-- PROVIDED MATERIAL --

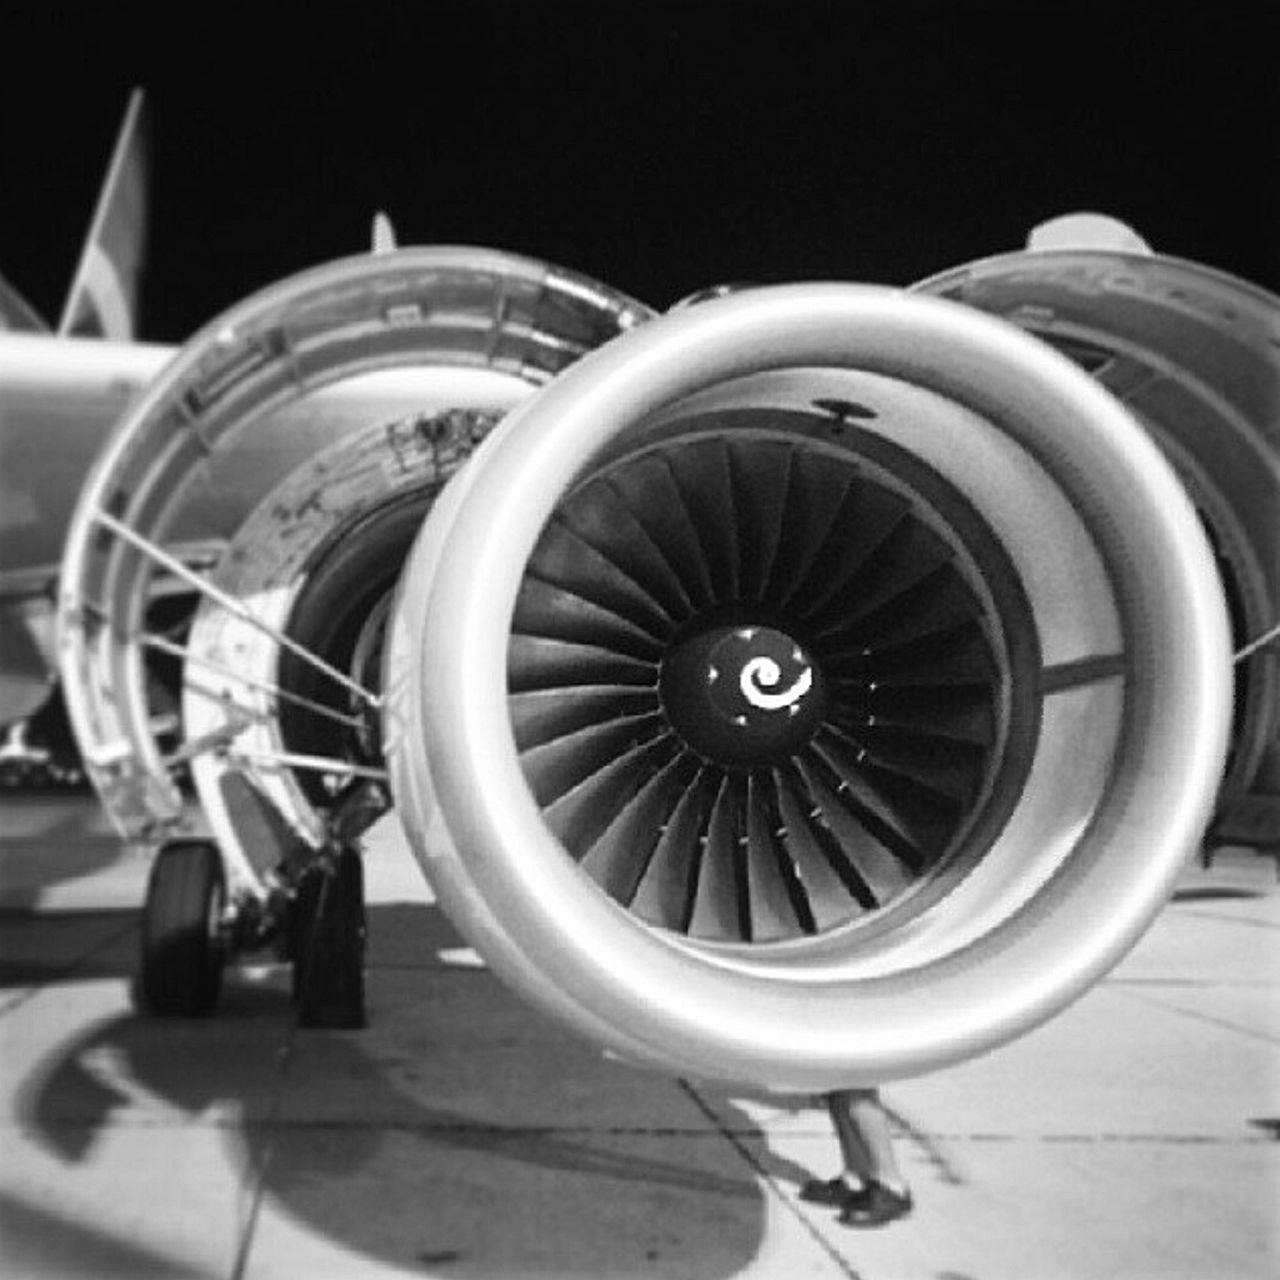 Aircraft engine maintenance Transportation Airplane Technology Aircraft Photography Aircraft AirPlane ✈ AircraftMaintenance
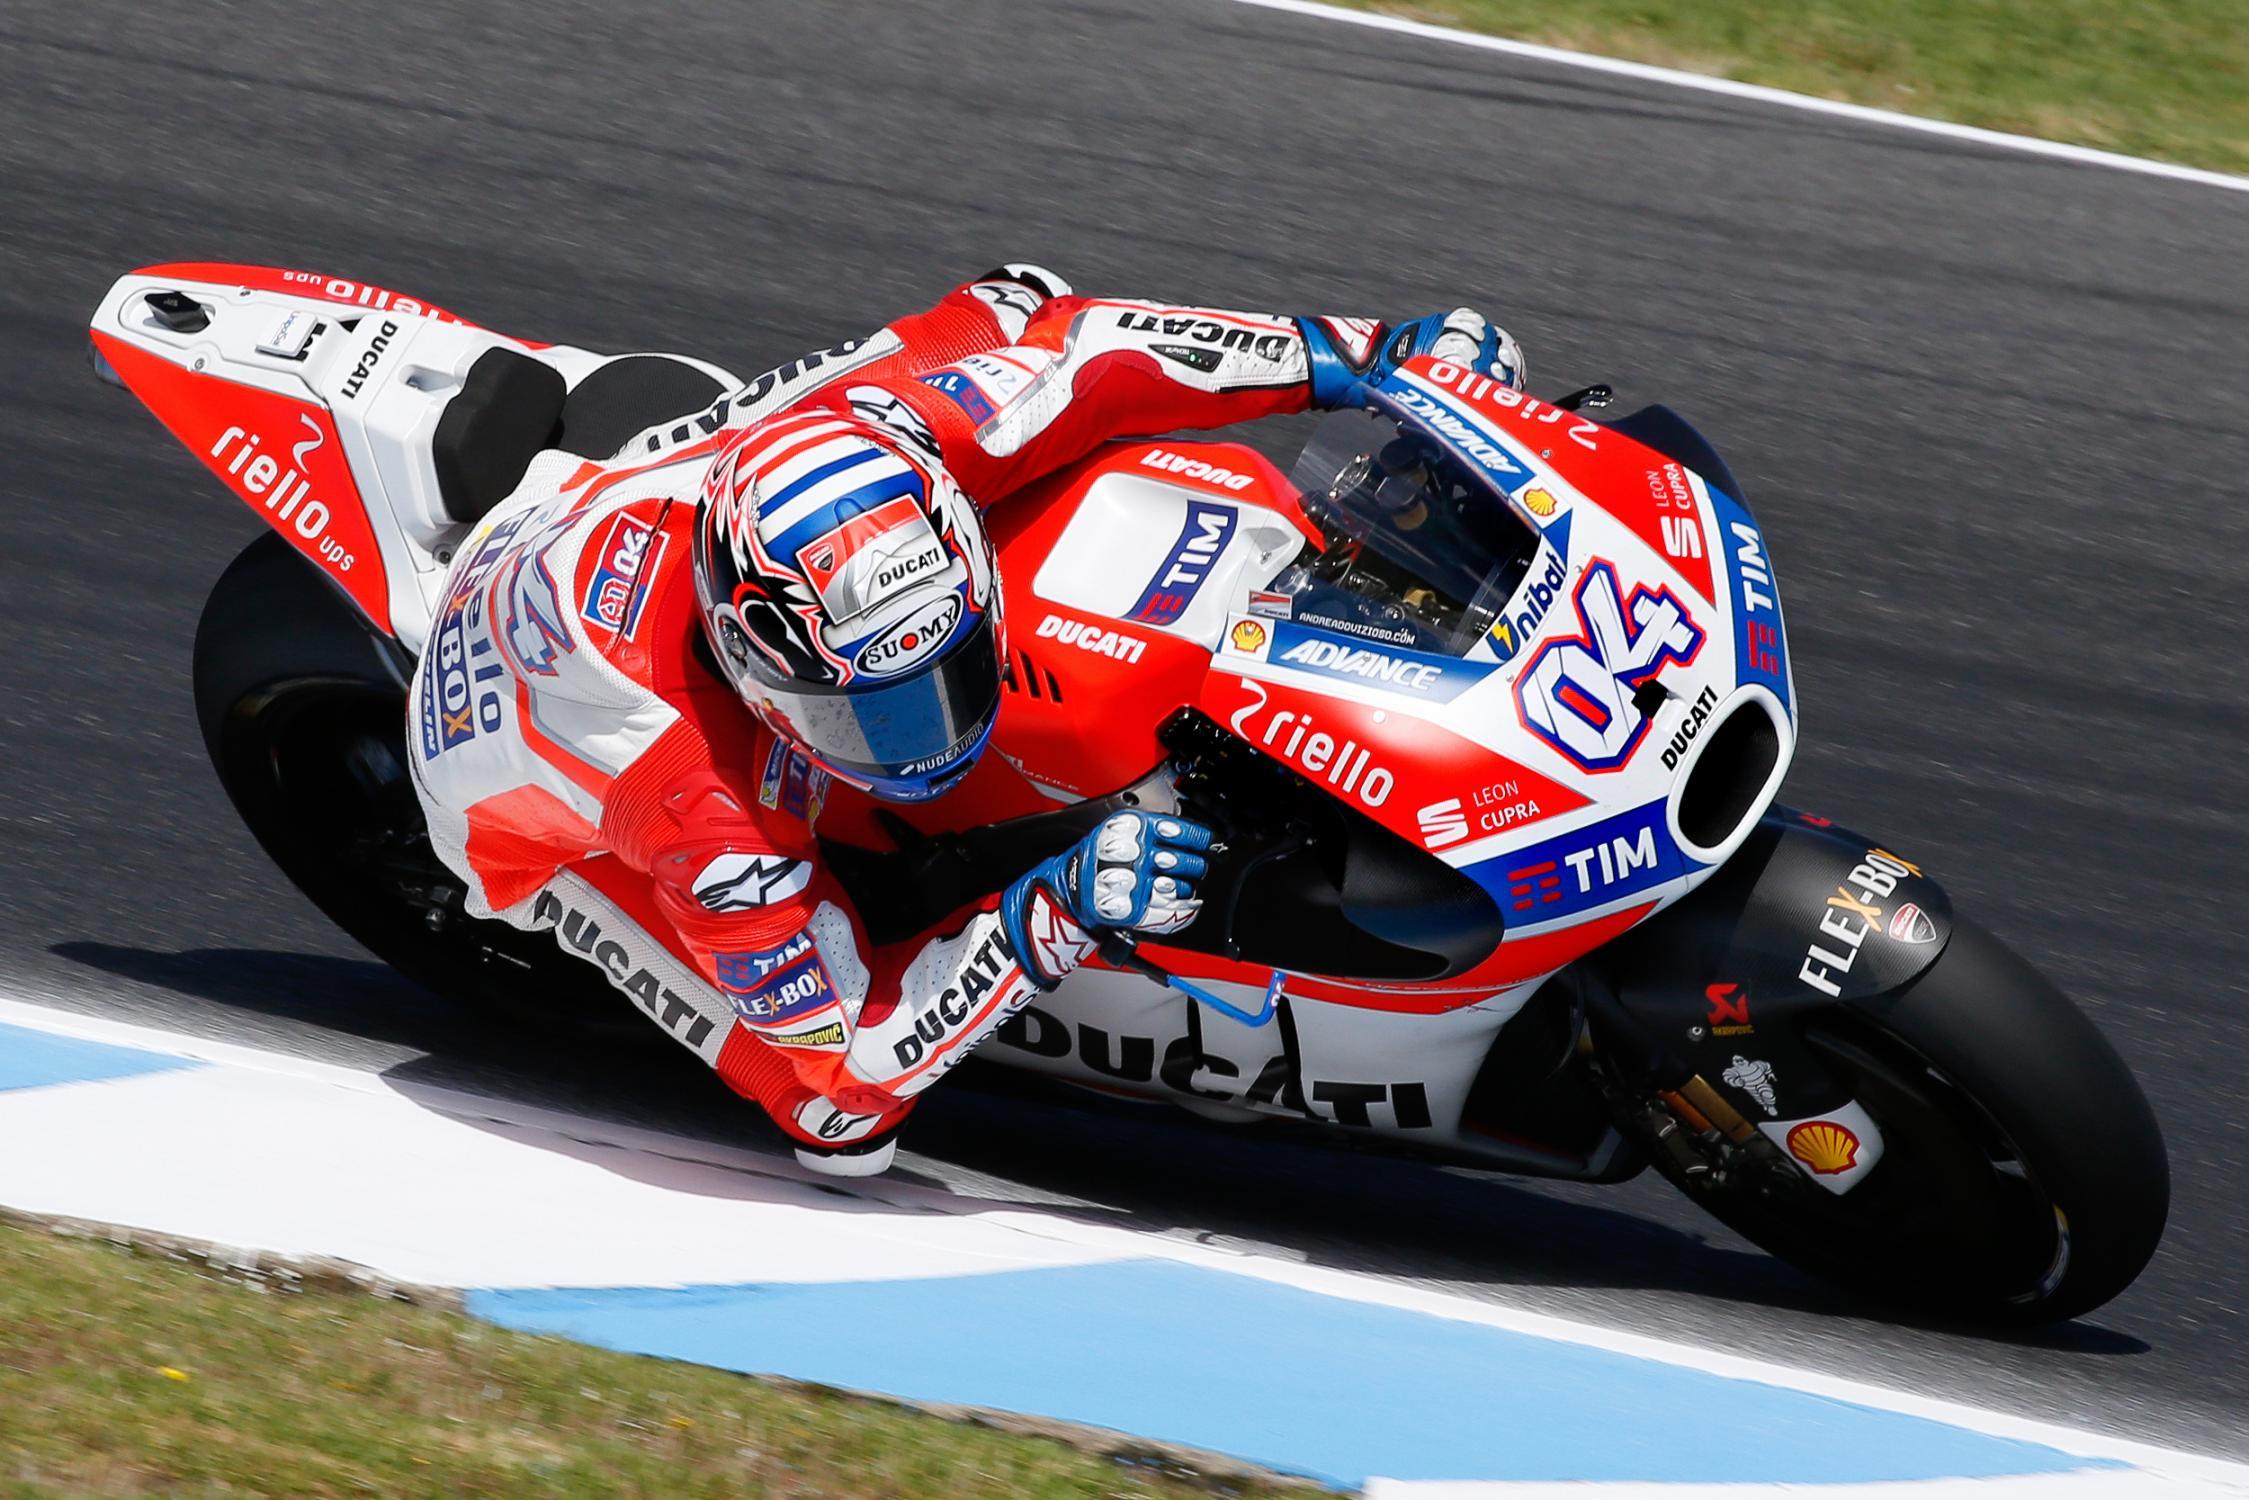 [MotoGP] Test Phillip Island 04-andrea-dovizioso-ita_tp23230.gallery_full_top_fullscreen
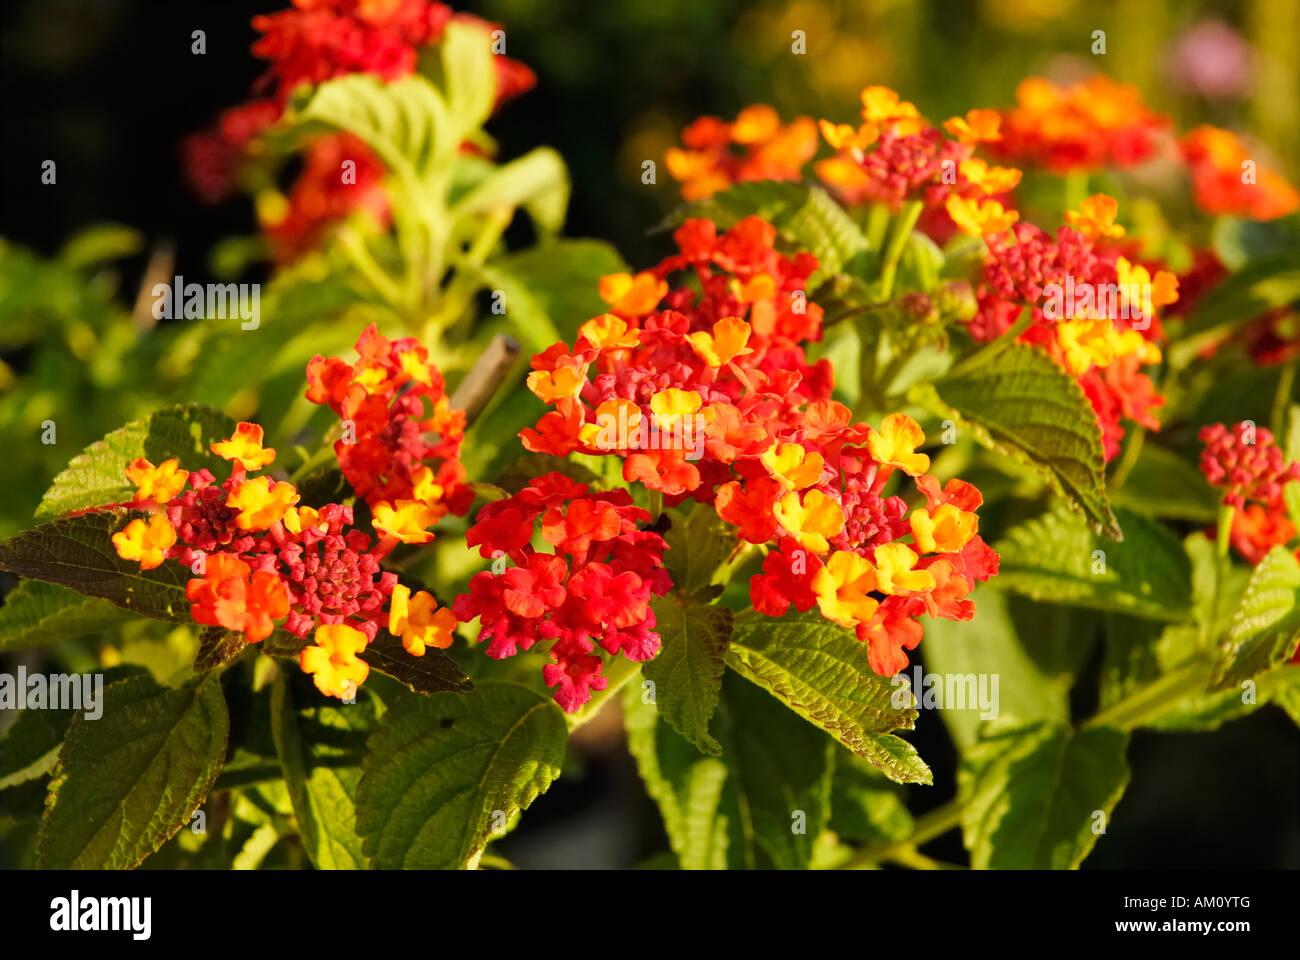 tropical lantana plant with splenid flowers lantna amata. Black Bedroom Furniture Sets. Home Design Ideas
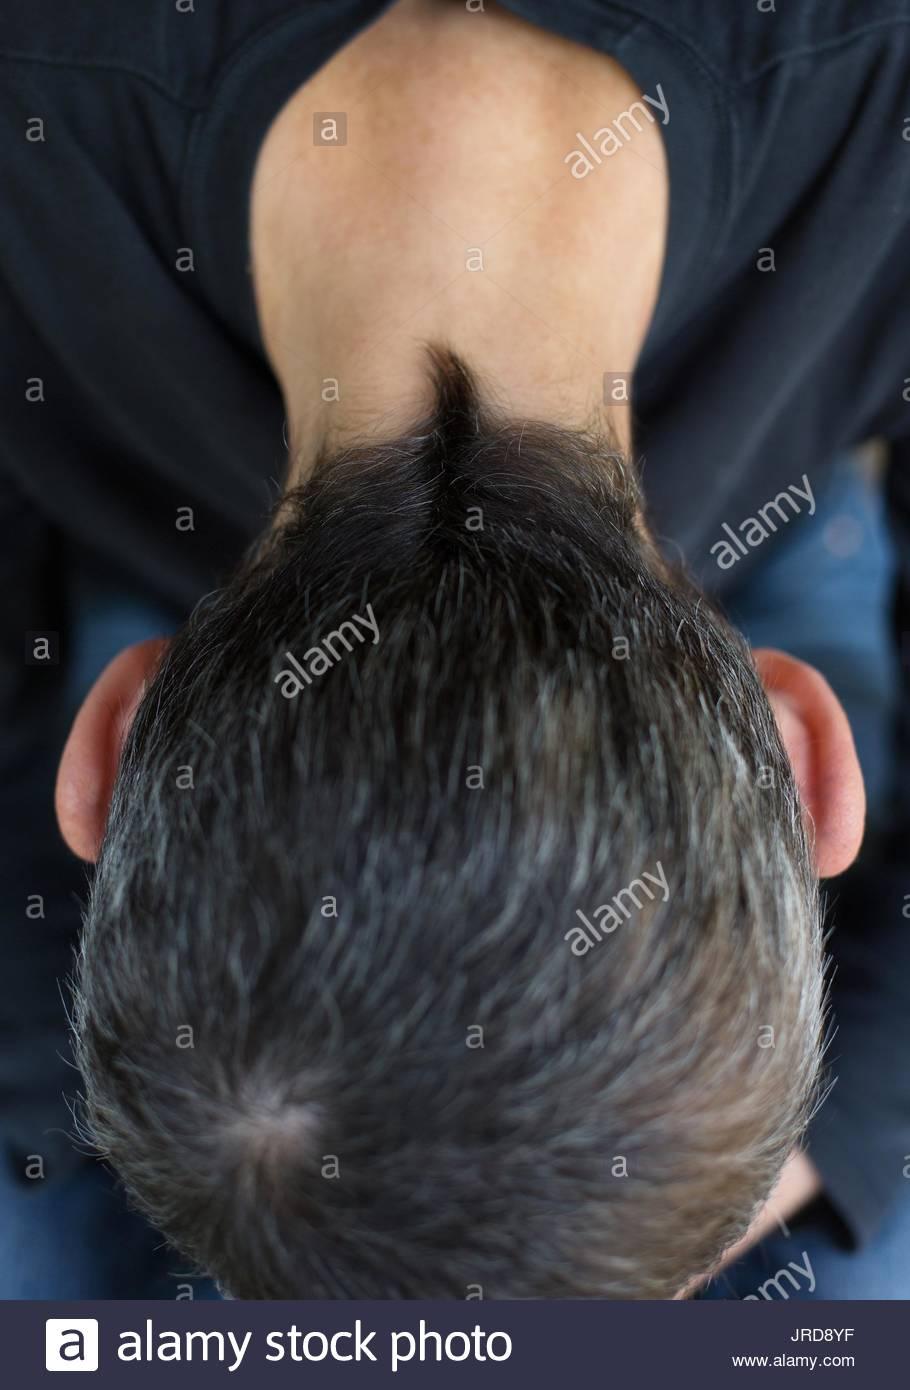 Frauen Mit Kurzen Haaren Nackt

-- TASK DIRECTIONS --
Given the listing above, return exactly, and only, the lines from the line with "tropical lantana plant" through its final line, both included, with the pictures removed.

-- RESULT OF THE TASK --
 tropical lantana plant with splenid flowers lantna amata. Black Bedroom Furniture Sets. Home Design Ideas
 Frauen Mit Kurzen Haaren Nackt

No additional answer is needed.